Lass mich sehen, ob ich es richtig verstanden habe: nur wenn irgendeine der Wörter Insel oder Inseln explizit oder implizit im Satz stehen, kann man die Präposition "auf" benutzen. Ist das tatsächlich so?


----------



## Tonerl

thosecars82 said:


> Lass mich sehen, ob ich es richtig verstanden habe: nur wenn irgendeine der Wörter Insel oder Inseln explizit oder implizit im Satz stehen, kann man die Präposition "auf" benutzen. Ist das tatsächlich so?



Vor Inselnamen ohne festen Artikel steht als Richungspräposition "*nach"*:
Wir fliegen morgen (wohin? -> gibt die Richtung an) „*nach“* Cerdeña.

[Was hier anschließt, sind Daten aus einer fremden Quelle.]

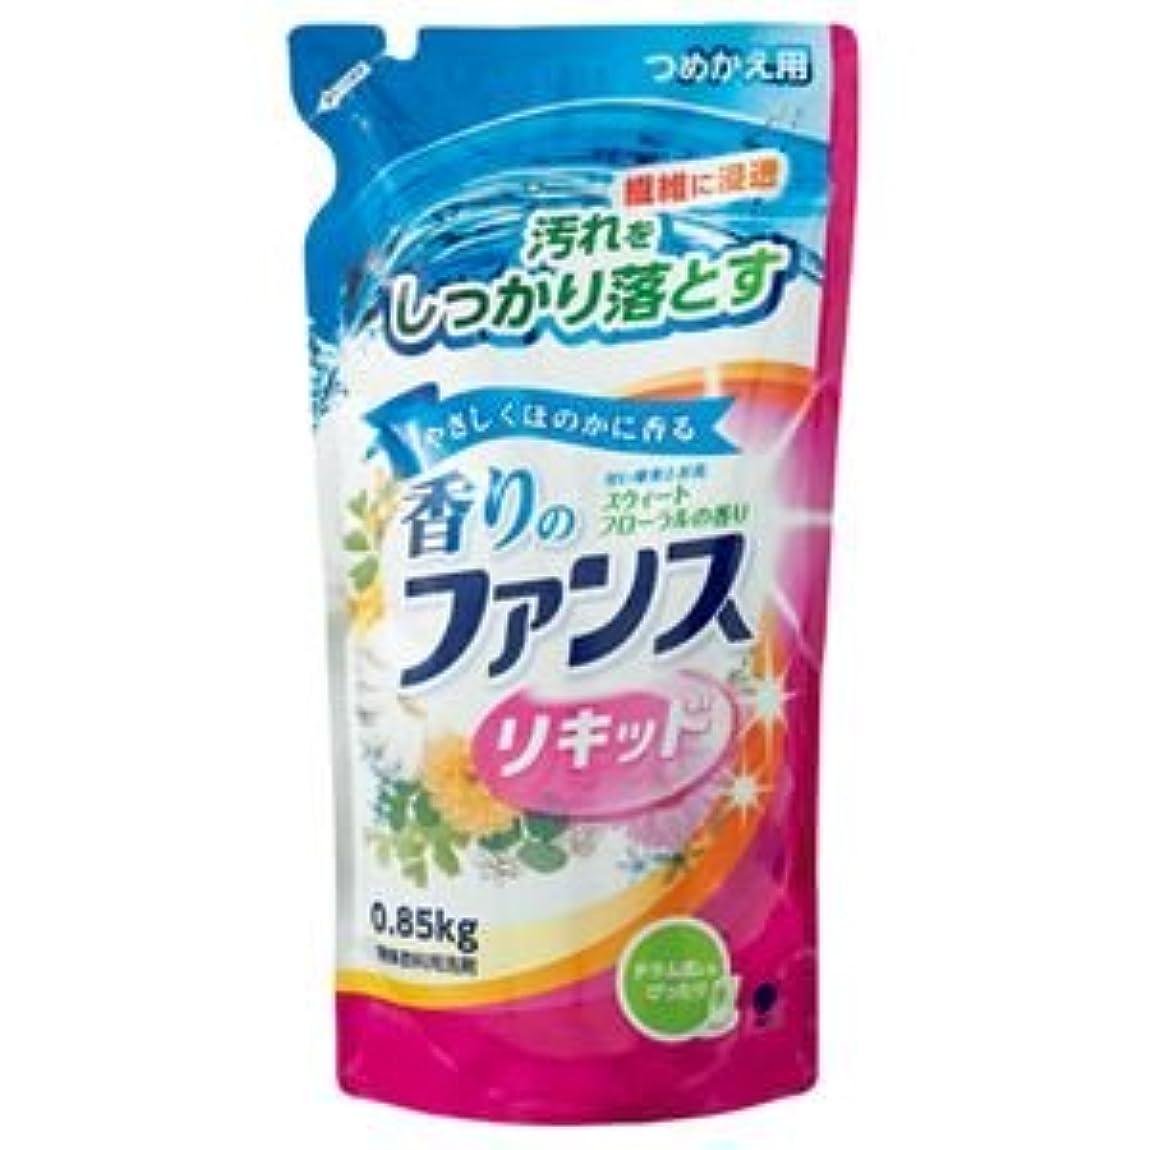 世論調査挽く朝ごはん(まとめ) 第一石鹸 香りのファンス 液体衣料用洗剤リキッド 詰替用 0.85kg 1個 【×15セット】

Bei Inselnamen mit festem Artikel verwendet man hingegen „*auf“* als Richtungspräposition:
Wir fliegen morgen* "auf die Insel"* Cerdeña.


----------



## thosecars82

Danke, aber wie würde man dann sagen, wenn das Reiseziel eine besondere Stadt in einem Insel ist?

Zum Beispiel: "Volamos a la ciudad de Londres mañana"

Wir fliegen morgen nach der Stadt London?


----------



## Tonerl

Wir fliegen morgen nach London.
Wir fliegen morgen nach England und machen Aufenthalt in London.


----------